EXERCISE INSTRUCTIONS: Write the data out again exactly, with every picture removed.

--- DATA SEGMENT Enclosed Below ---

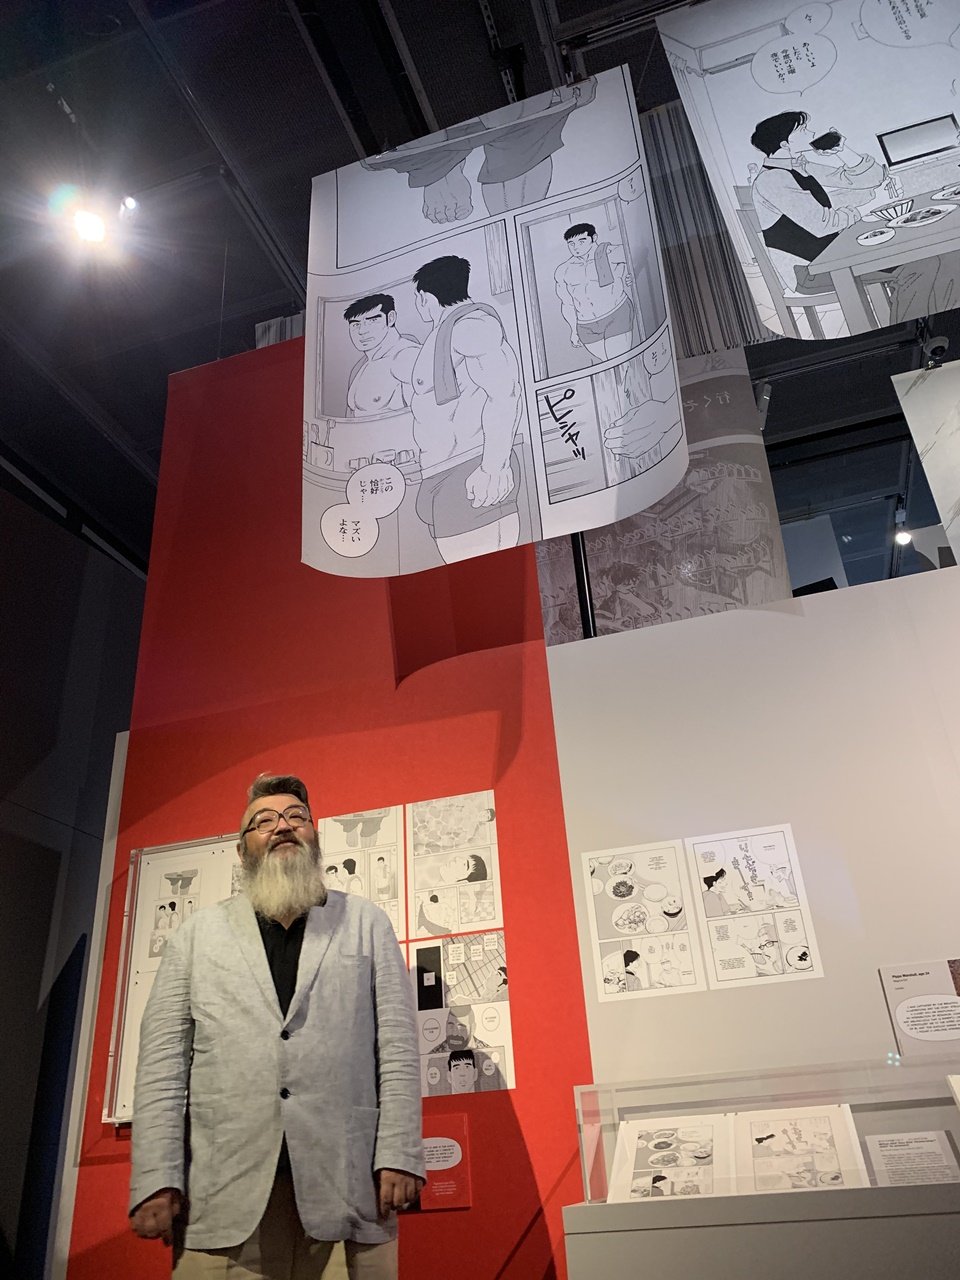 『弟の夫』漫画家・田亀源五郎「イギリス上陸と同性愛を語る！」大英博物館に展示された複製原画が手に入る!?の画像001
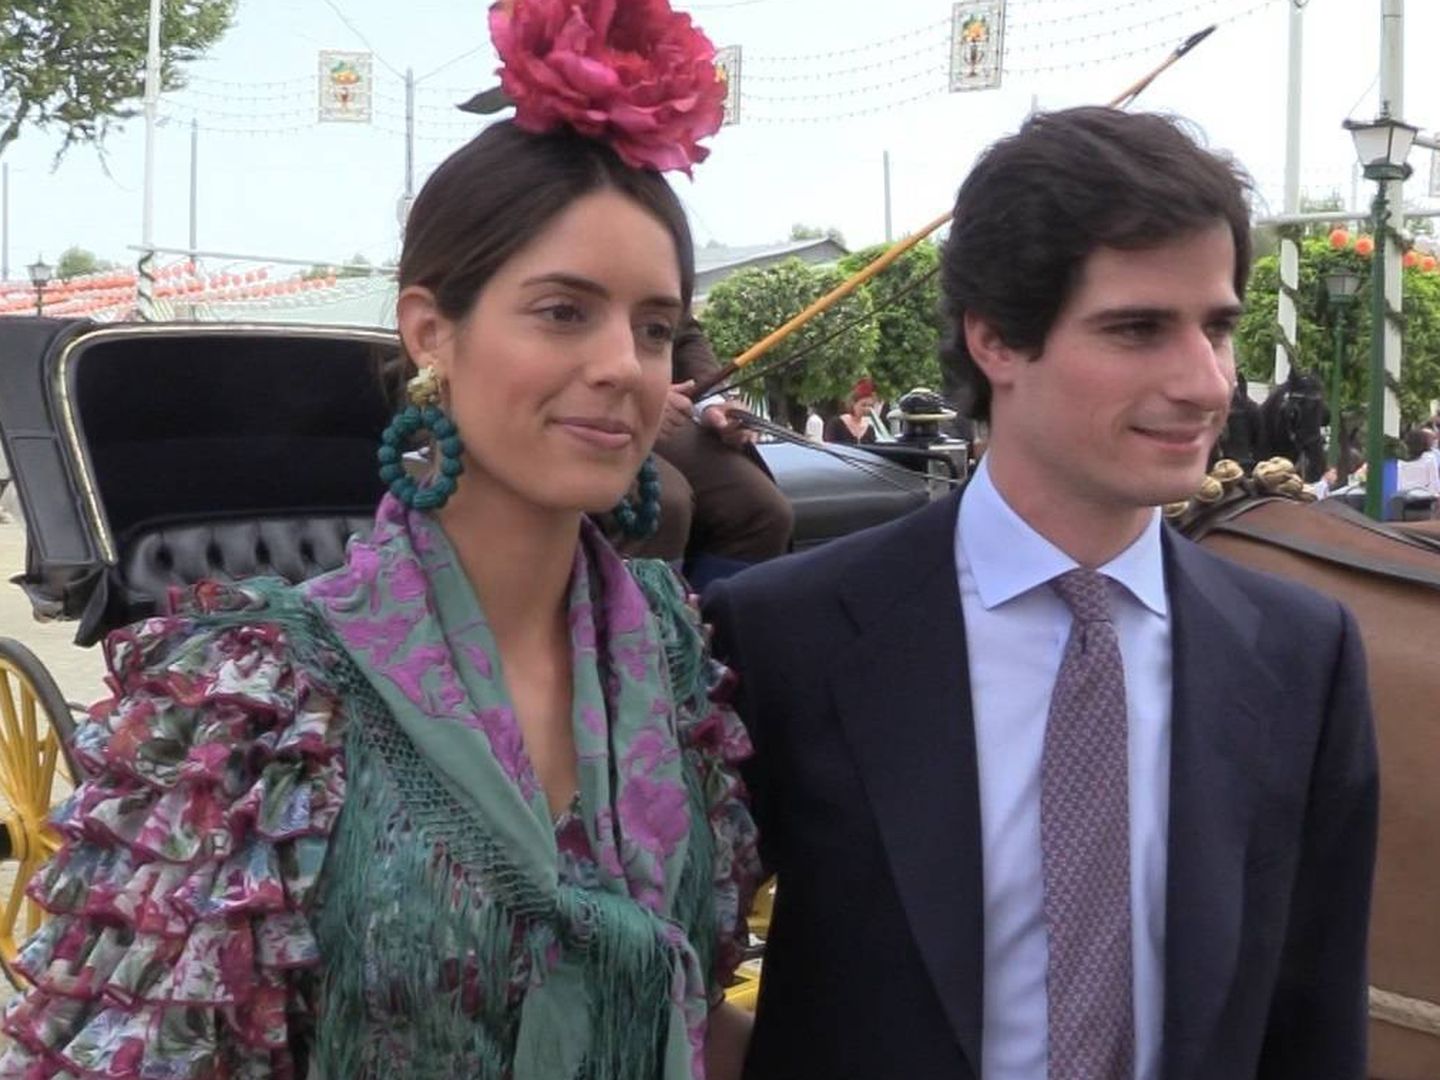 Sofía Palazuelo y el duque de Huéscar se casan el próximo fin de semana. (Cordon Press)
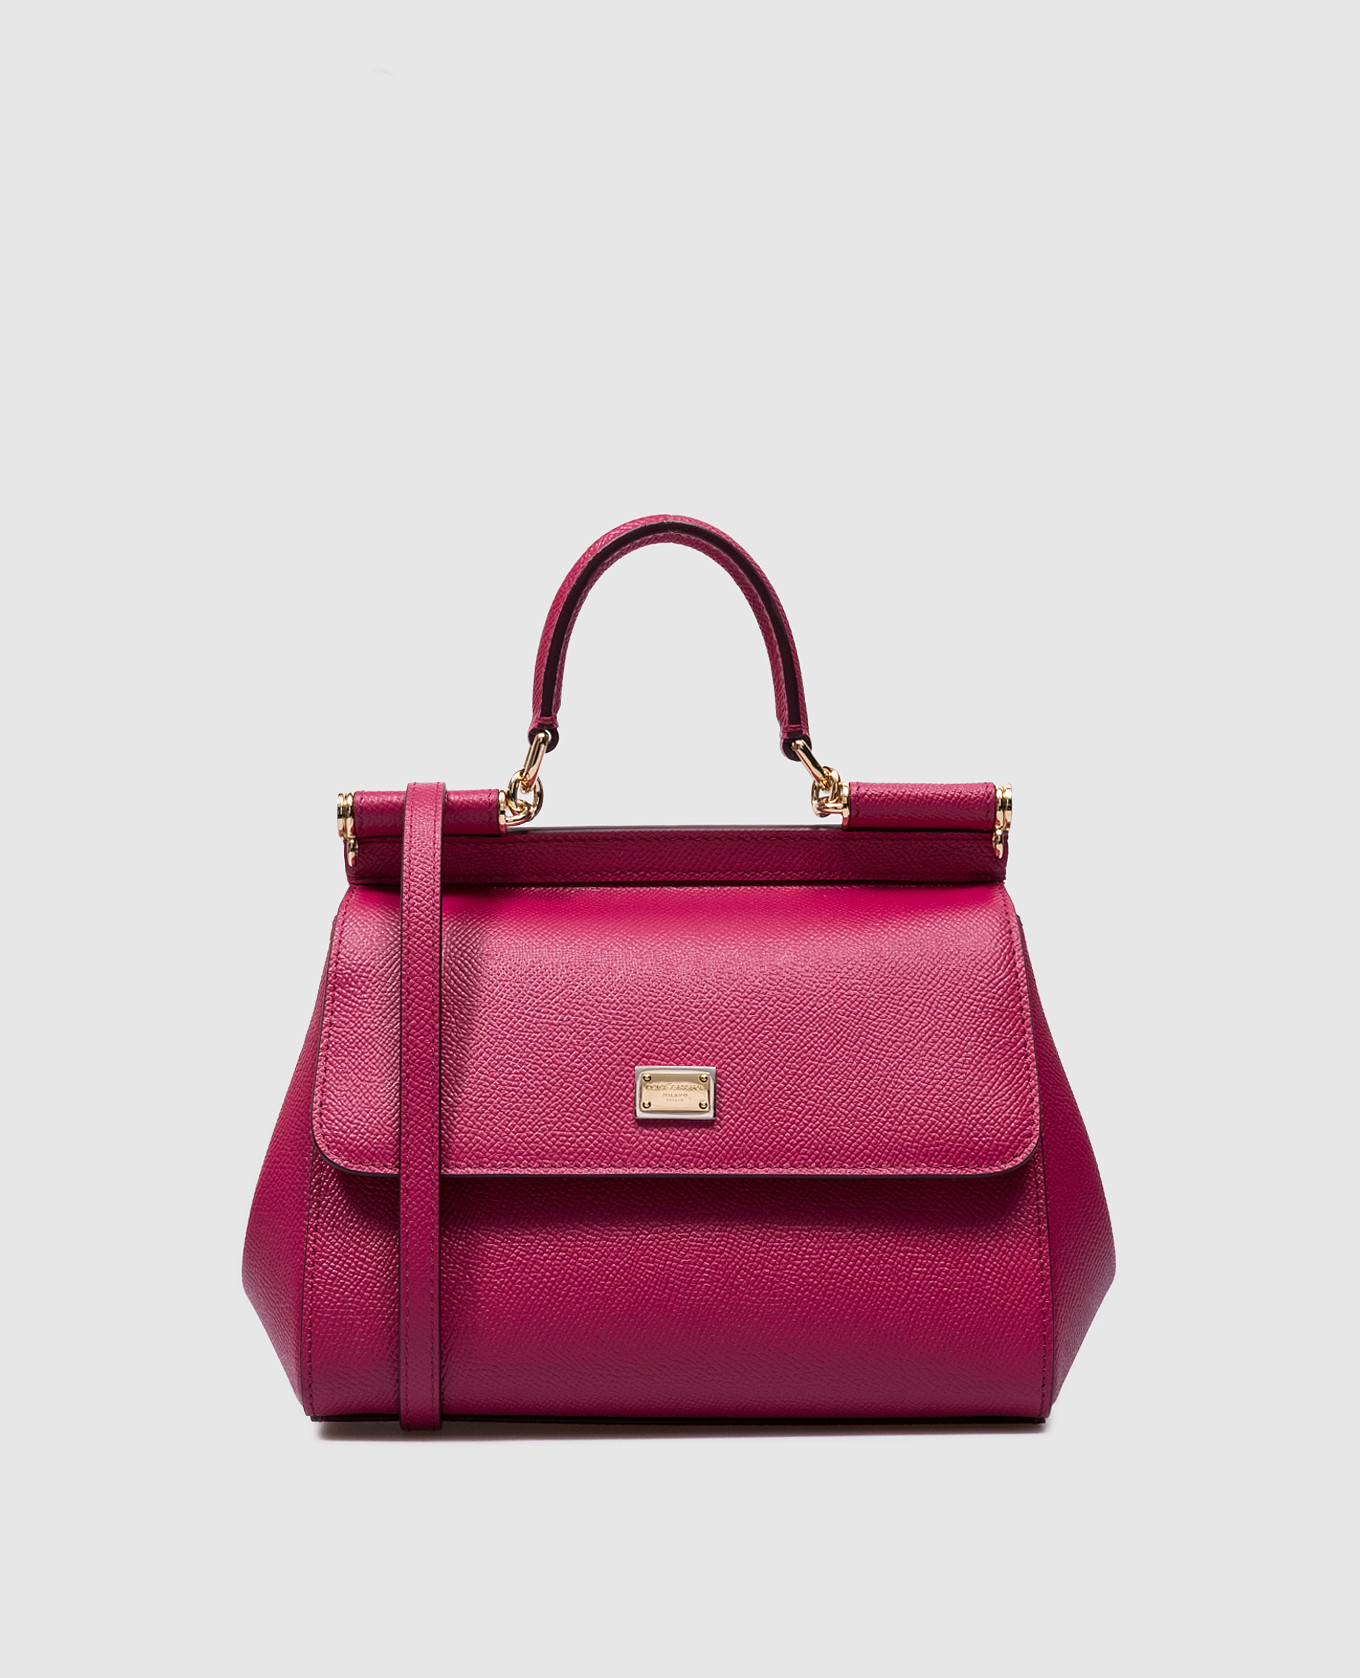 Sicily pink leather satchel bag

--- End of Enclosed DATA SEGMENT ---

SOLUTION:
 『弟の夫』漫画家・田亀源五郎「イギリス上陸と同性愛を語る！」大英博物館に展示された複製原画が手に入る!?の画像001
 Sofía Palazuelo y el duque de Huéscar se casan el próximo fin de semana. (Cordon Press)
 Sicily pink leather satchel bag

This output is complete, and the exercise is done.